→ WORK TO COMPLETE
Would you transcribe the records below from the line with "Gesetzblatt (GBl.) der" to the line with "Excursión al aire", ends included, exactly and with nothing more, leaving the pictures out?

→ EXERCISE DATA
====
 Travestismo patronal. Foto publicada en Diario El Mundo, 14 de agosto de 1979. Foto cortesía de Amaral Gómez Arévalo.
====
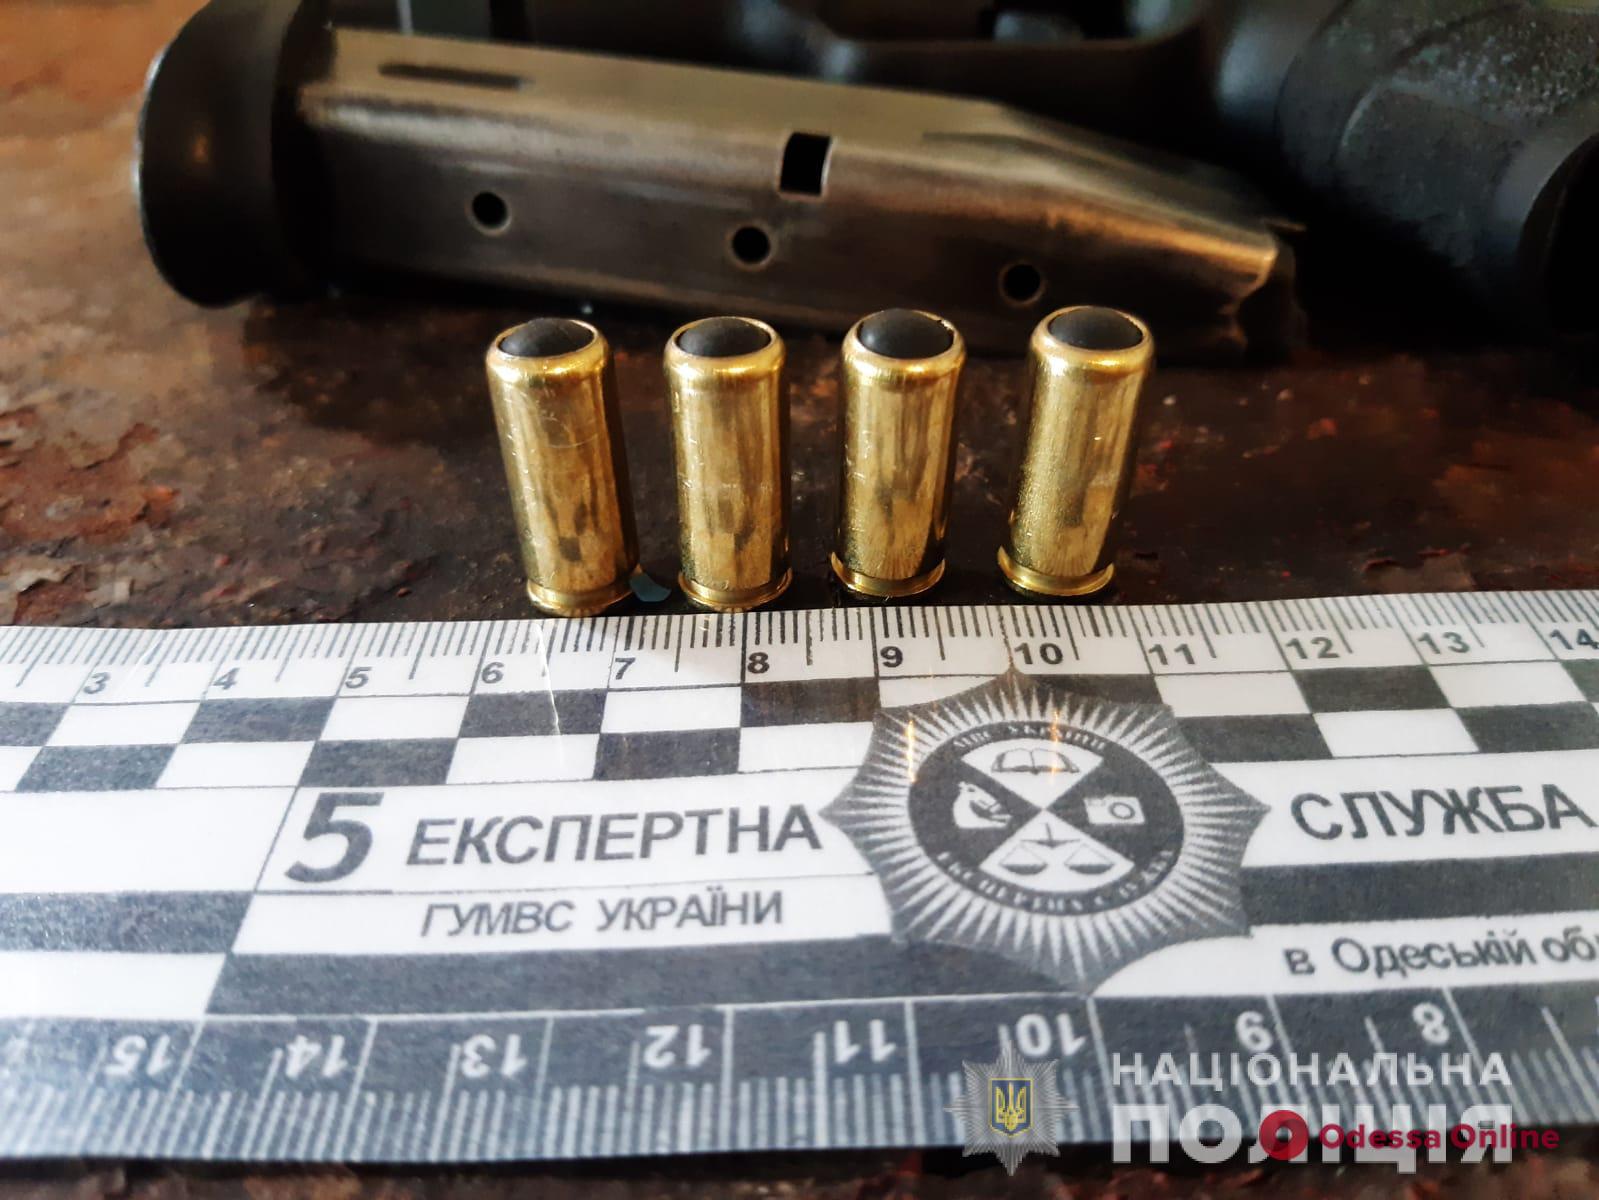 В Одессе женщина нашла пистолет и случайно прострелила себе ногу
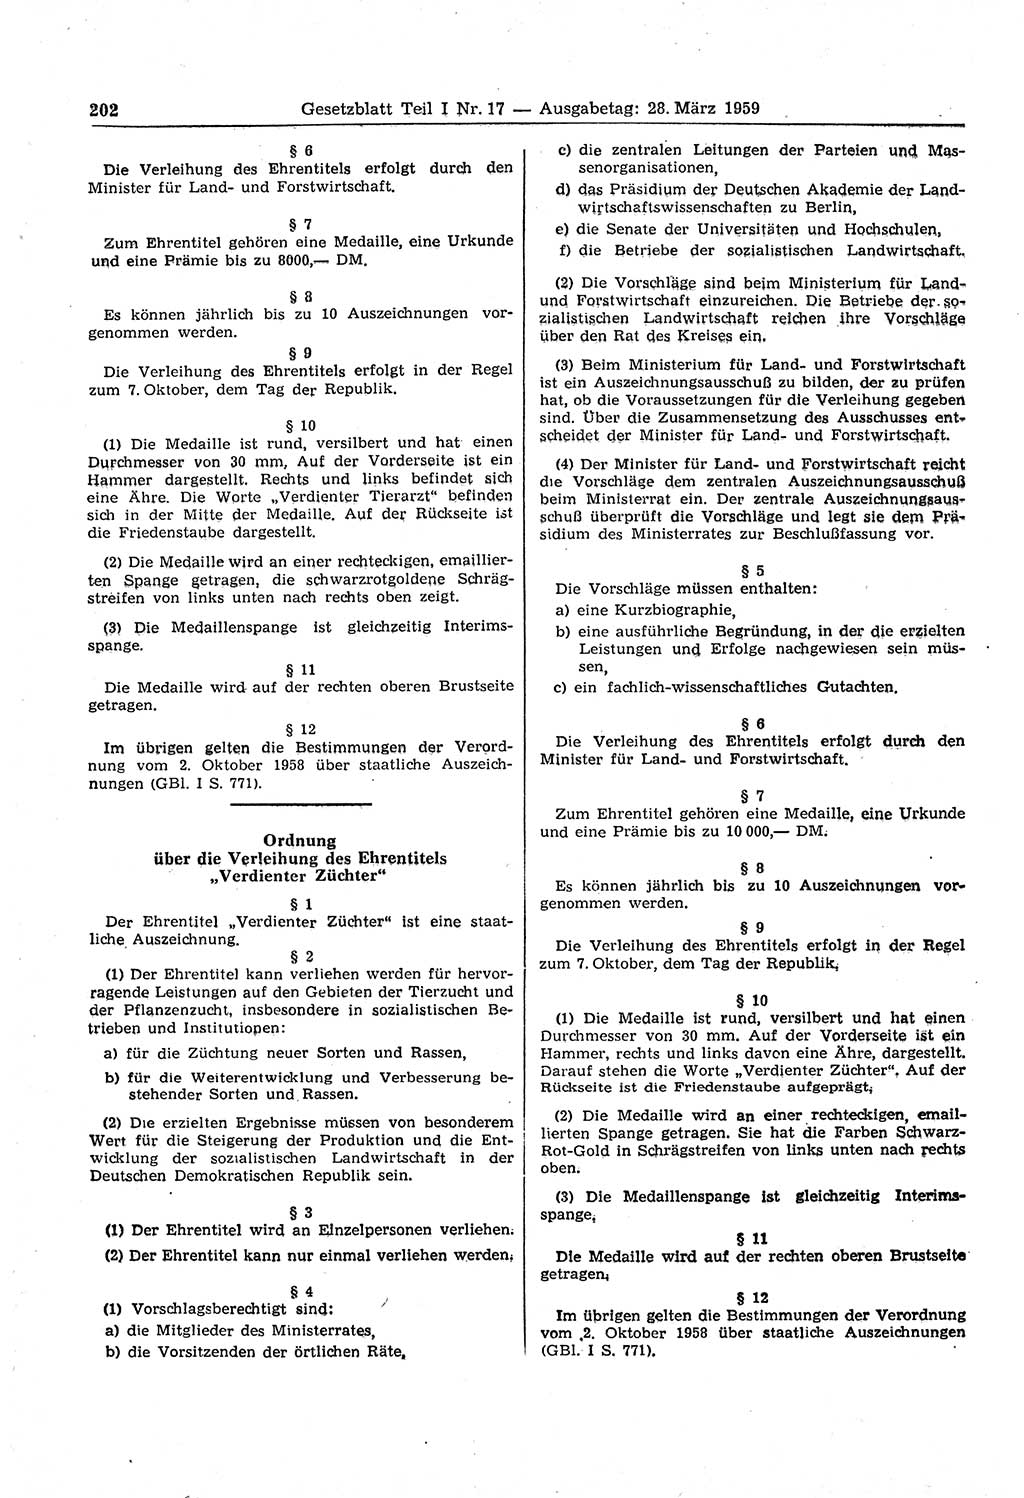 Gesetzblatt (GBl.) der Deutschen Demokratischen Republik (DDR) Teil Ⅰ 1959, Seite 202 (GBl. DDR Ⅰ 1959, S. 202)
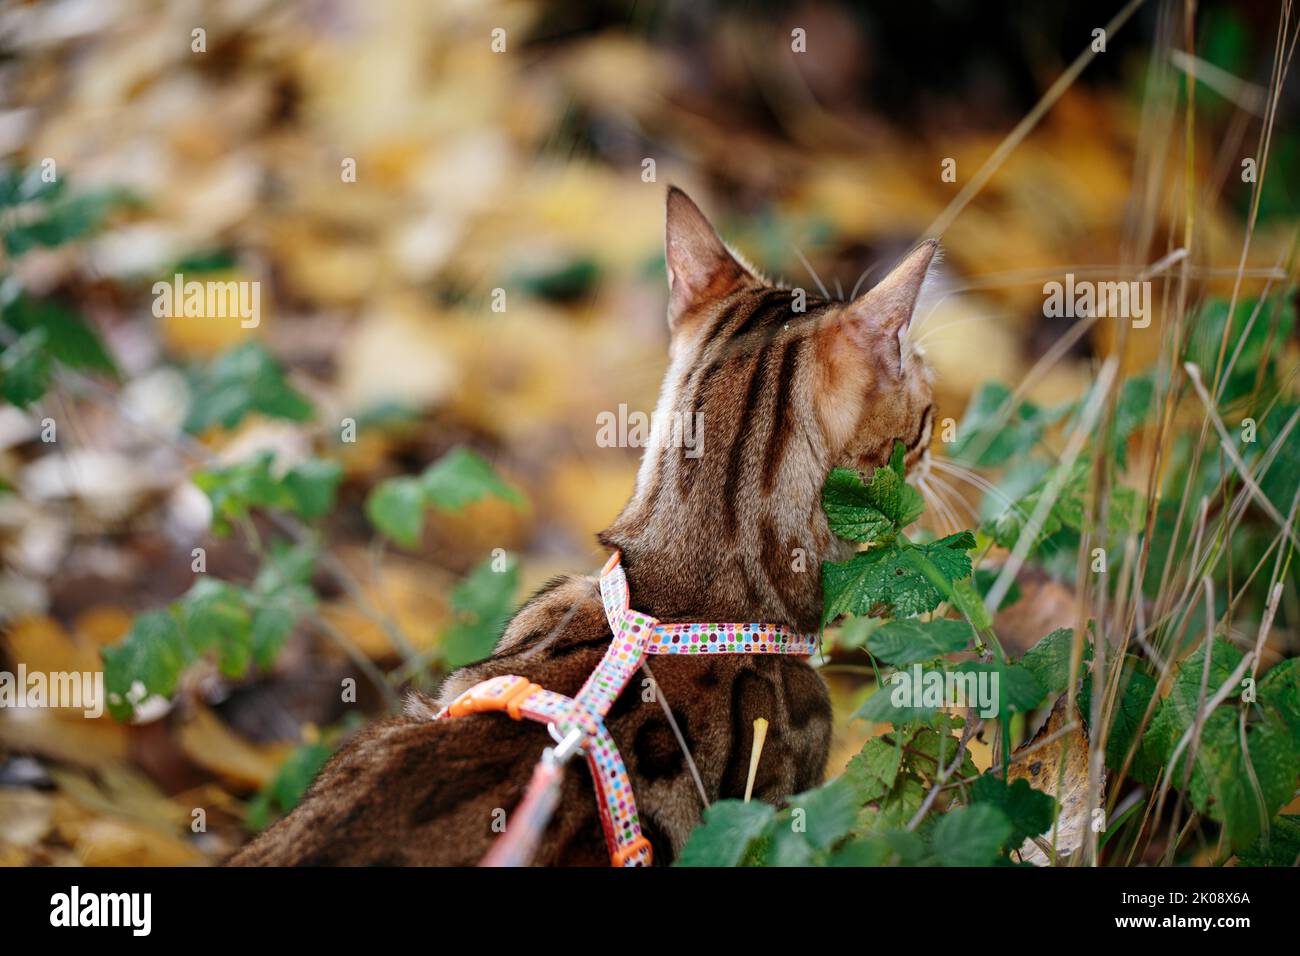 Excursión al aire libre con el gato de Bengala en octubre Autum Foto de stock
====
→ RESPONSE TO THIS EXERCISE
 Gesetzblatt (GBl.) der Deutschen Demokratischen Republik (DDR) Teil Ⅰ 1959, Seite 202 (GBl. DDR Ⅰ 1959, S. 202)
 Excursión al aire libre con el gato de Bengala en octubre Autum Foto de stock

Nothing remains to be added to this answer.